Overall, the Disney-era trilogy did a lot of things right, perhaps in no more important way than by restoring the feel of George Lucas’ original trilogy. Like “Force Awakens” and “Last Jedi,” “Rise of Skywalker” captures a sense of gritty outer space fantasy and fun that the plastic prequel films from the early 2000s could never achieve. But in the same way “Force Awakens” was really a soft reboot of 1977’s “A New Hope,” key elements of “Rise of Skywalker” ultimately feel like a mirror of 1983’s “Return of the Jedi,” and the final trilogy feels a little too dependent where it could have stood on its own.
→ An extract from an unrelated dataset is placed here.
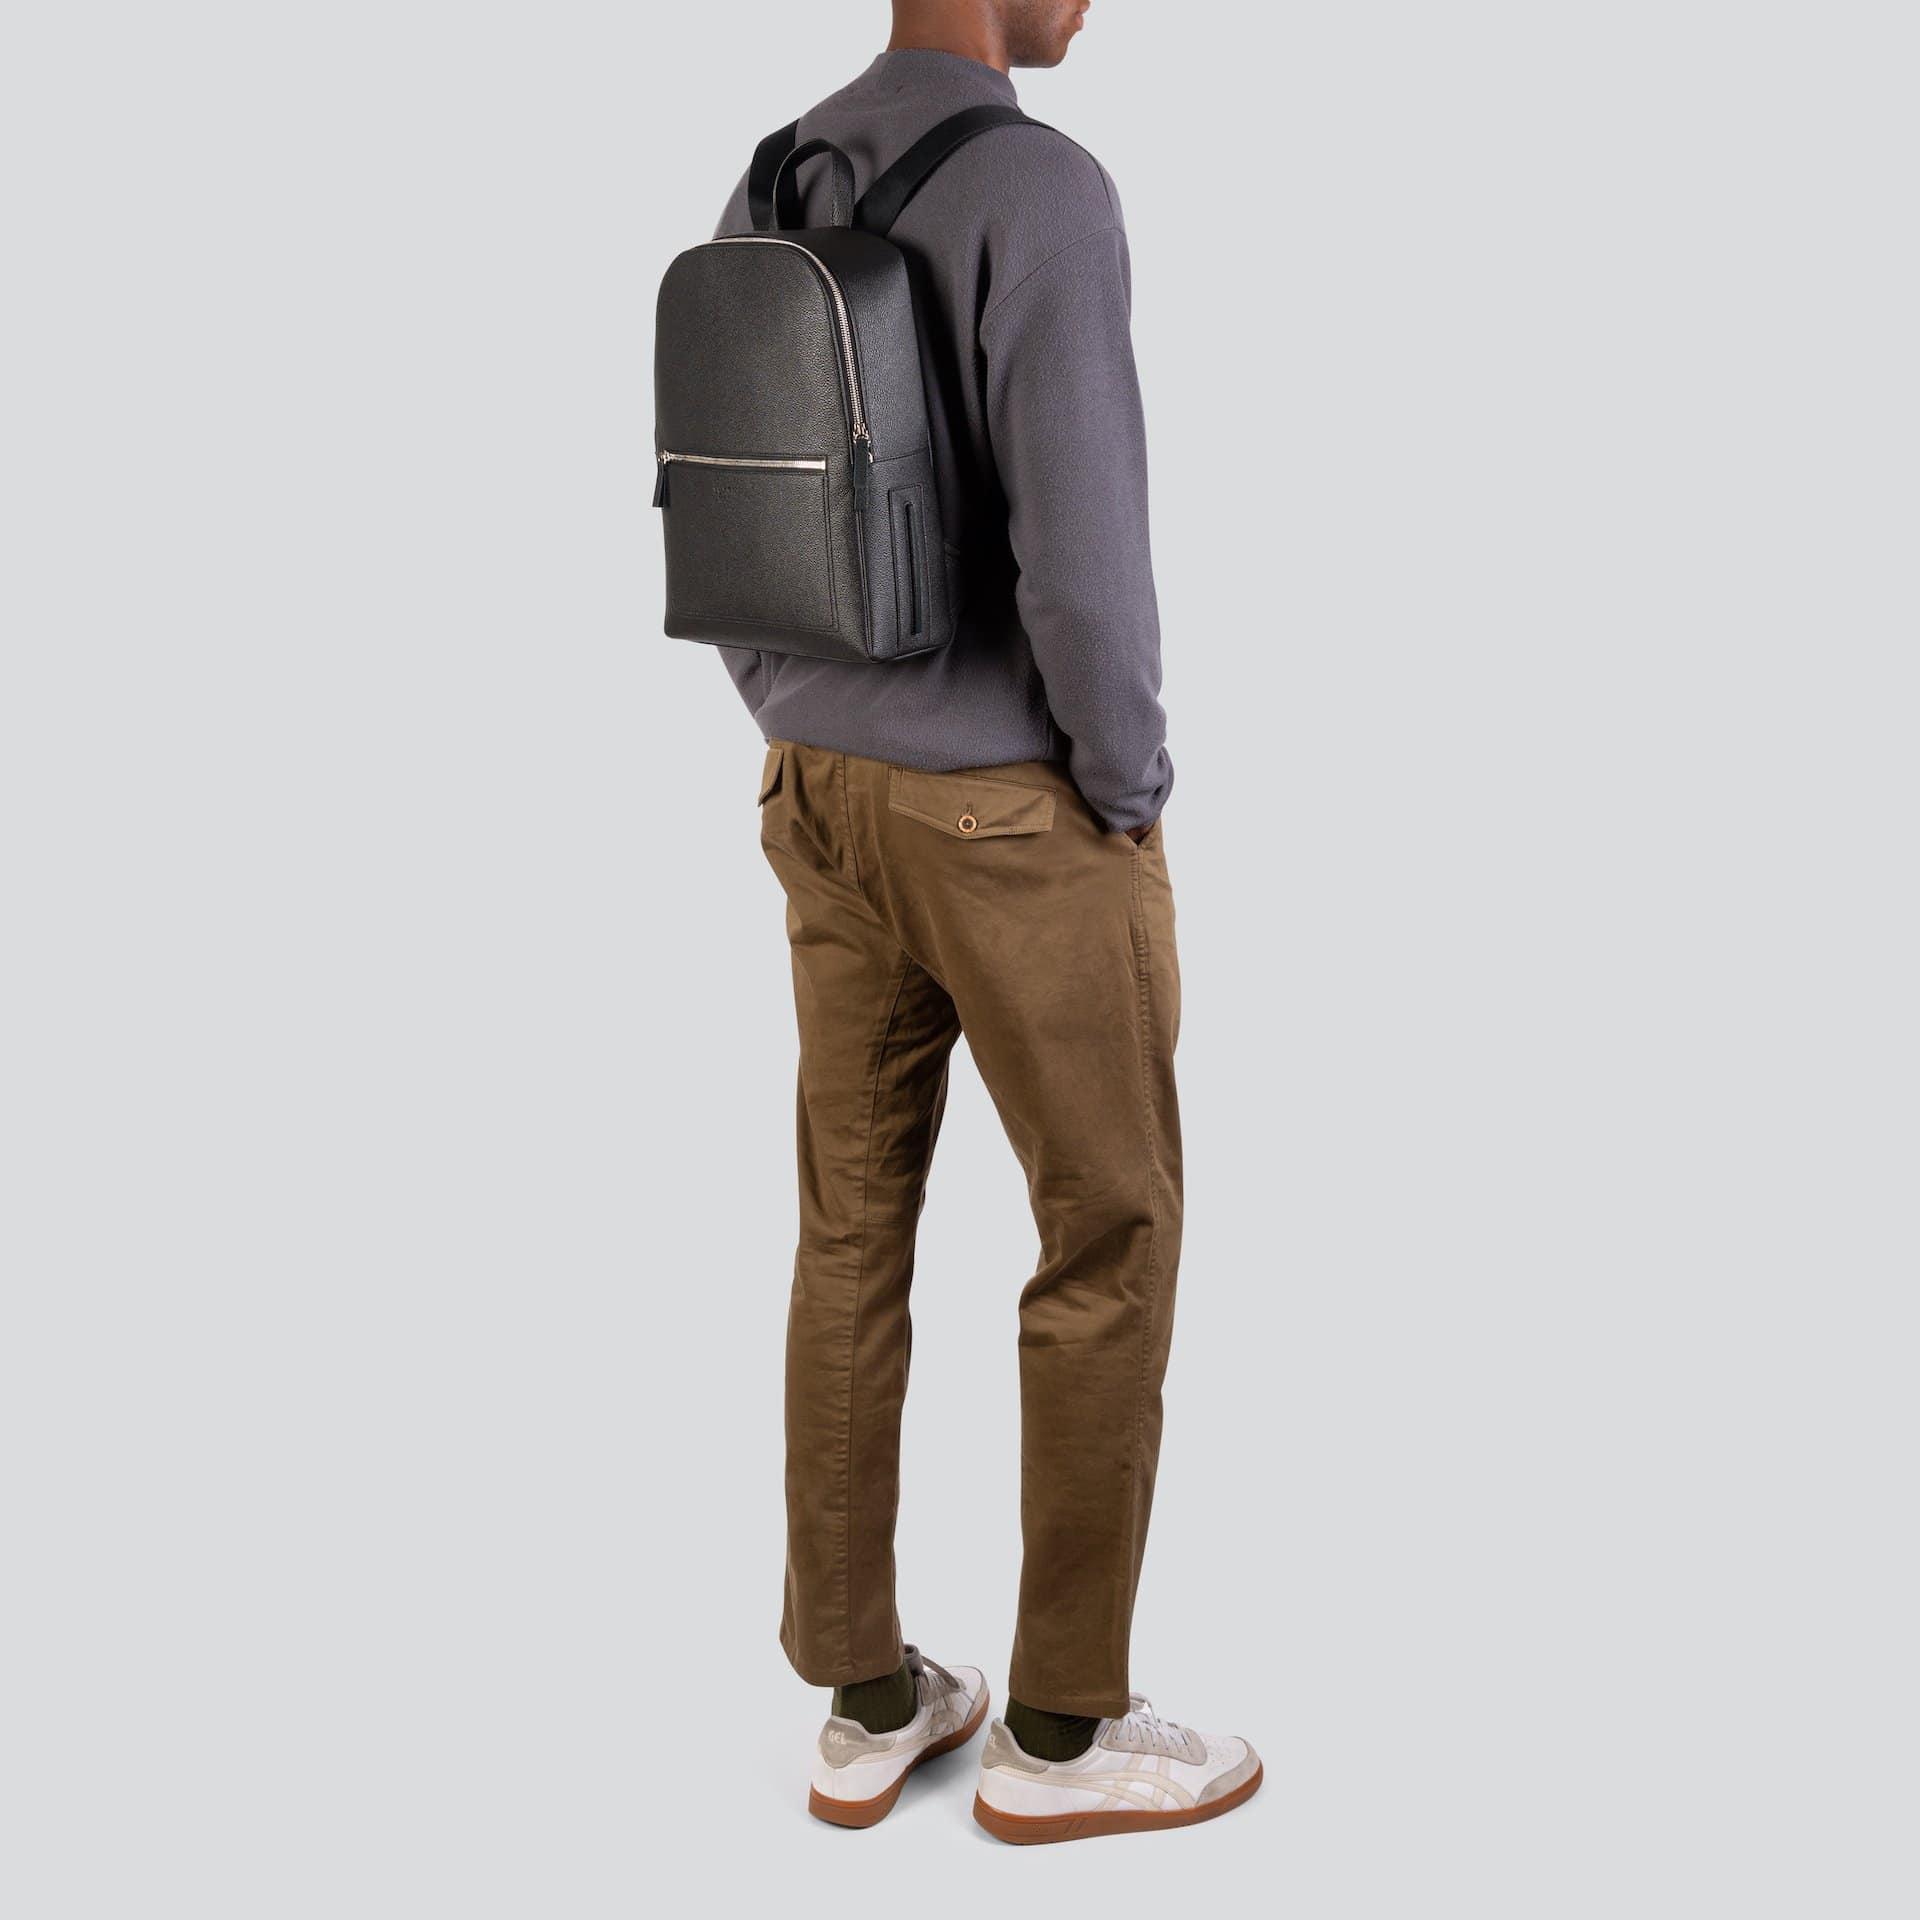 Luxtra Farrell Apple Leather Vegan Backpack   Black

Writing as a lifelong “Star Wars” fan, for most audiences, the cracks won’t be a problem; “Star Wars: The Rise of Skywalker” is a lot of fun, a genuine achievement and a great way to spend a couple of hours at the theater. There’s certainly nothing wrong with a kick of nostalgia from time to time, and it’s always nice to take a trip to a galaxy far, far away. But once the stardust settles, we’ll probably still admit that the original trilogy is just never going to be matched.

Rating explained: “The Rise of Skywalker” is rated PG-13 for considerable sci-fi action violence and some frightening imagery that could be too intense for younger “Star Wars” fans.